First with three odd numbers among the five:

consider (1,1,1,D,E) ==> DE=18+D+E or E(D-1)=18+D

- for D=2, E=20 so (1,1,1,2,20) is a solution

- for all other even D resulting in E>2, E is not an integer

consider (1,1,3,D,E) ==> 3DE=20+D+E or E(3D-1)=20+D

- for D=2, 5E=22, E is not an integer

- for D=4, 11E=24, E is not an integer

- for D=6, 17E=26, E is not an integer and E<2

consider (1,1,5,D,E) ==> 5DE=22+D+E or E(5D-1)=22+D

- for D=2, 9E=24, E is not an integer

- for D=4, 19E=26, E is not an integer and E<2

consider (1,1,7,D,E) ==> 7DE=24+D+E or E(7D-1)=24+D

- for D=2, E=2 so (1,1,2,2,7) is a solutin and with any D>2, E<2

consider (1,3,3,D,E) ==> 9DE=22+D+E or E(9D-1)=22+D

- for D=2, 17E=24, E is not an integer and E<2

consider (1,3,5,D,E) ==> 15DE=24+D+E or E(15D-1)=24+D

- for D=2, 29E=26, E is not an integer and E<2

consider (3,3,3,D,E) ==> 27DE=24+D+E or E(26D-1)=24+D

- for D=2, 51E=26, E is not an integer and E<2 and all other A,B,C,D will also result in E<2

Now with only one odd number among the five variables:

consider (1,2,2,D,E) ==> 4DE=20+D+E or E(4D-1)=20+D

- for D=2, 7E=22, E is not an integer

- for D=4, 15E=24, E is not an integer and E<2

consider (3,2,2,D,E) ==> 12DE=22+D+E or E(11D-1)=22+D

- for D=2, 21E=24, E is not an integer and E<2

consider (1,2,4,D,E) ==> 8DE=22+D+E or E(7D-1)=22+D

- for D=4, 31E=26, E is not an integer and E<2 and all other A,B,C,D will also result in E<2

so am thinking the possible (A,B,C,D,E) are (1,1,1,2,20) and (1,1,2,2,7)

Someone please simplify this.

[Guest]

For the past hour I was expanding, simplifying, dividing, multiplying and all kind of stuff with x² + y² + 1 = x*y*z.

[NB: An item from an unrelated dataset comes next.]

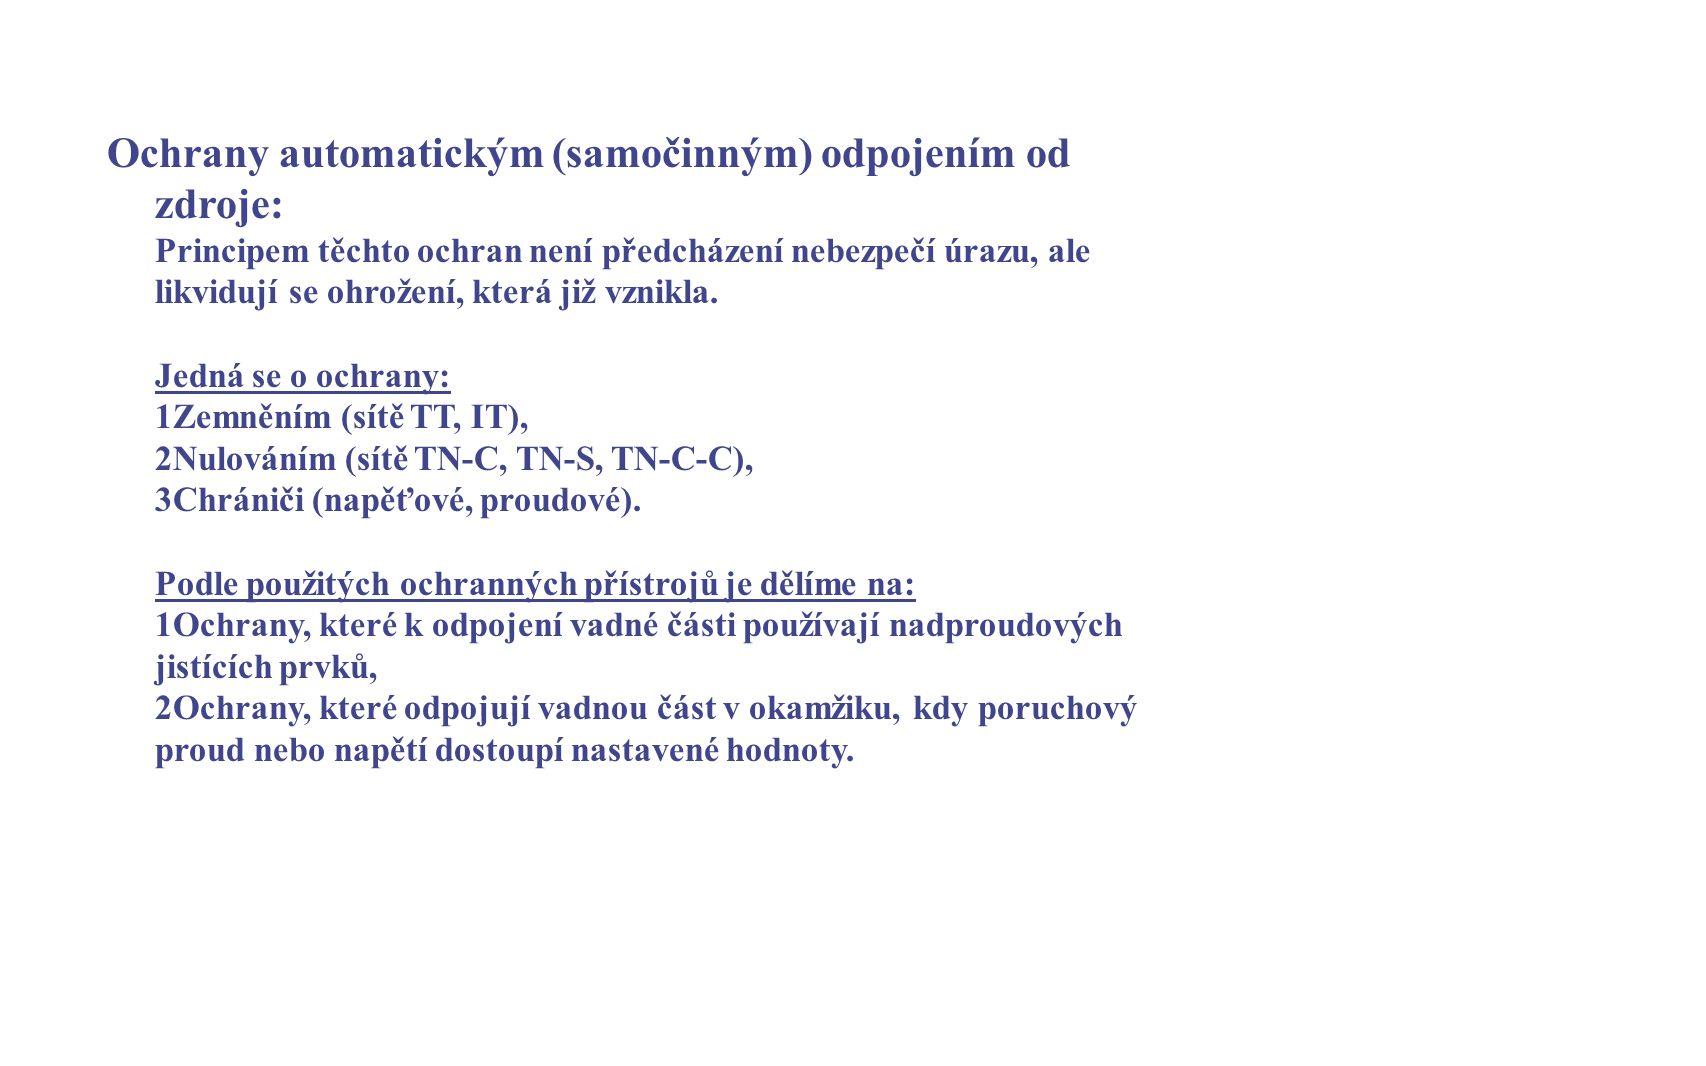 Ochrany automatickým (samočinným) odpojením od zdroje: Principem těchto ochran není předcházení nebezpečí úrazu, ale likvidují se ohrožení, která již

I somehow found that xy^-1 - 3 = z². From here:

z² must be greater or equal to 0 (To be a real number). From the original equation we find, that z must be greater or equal to 3, so for any z greater or equal to 3 there is a xy^-1 - 3, equal to z².

[Guest]

Sorry, I posted to the wrong topic. Ignore the upper post.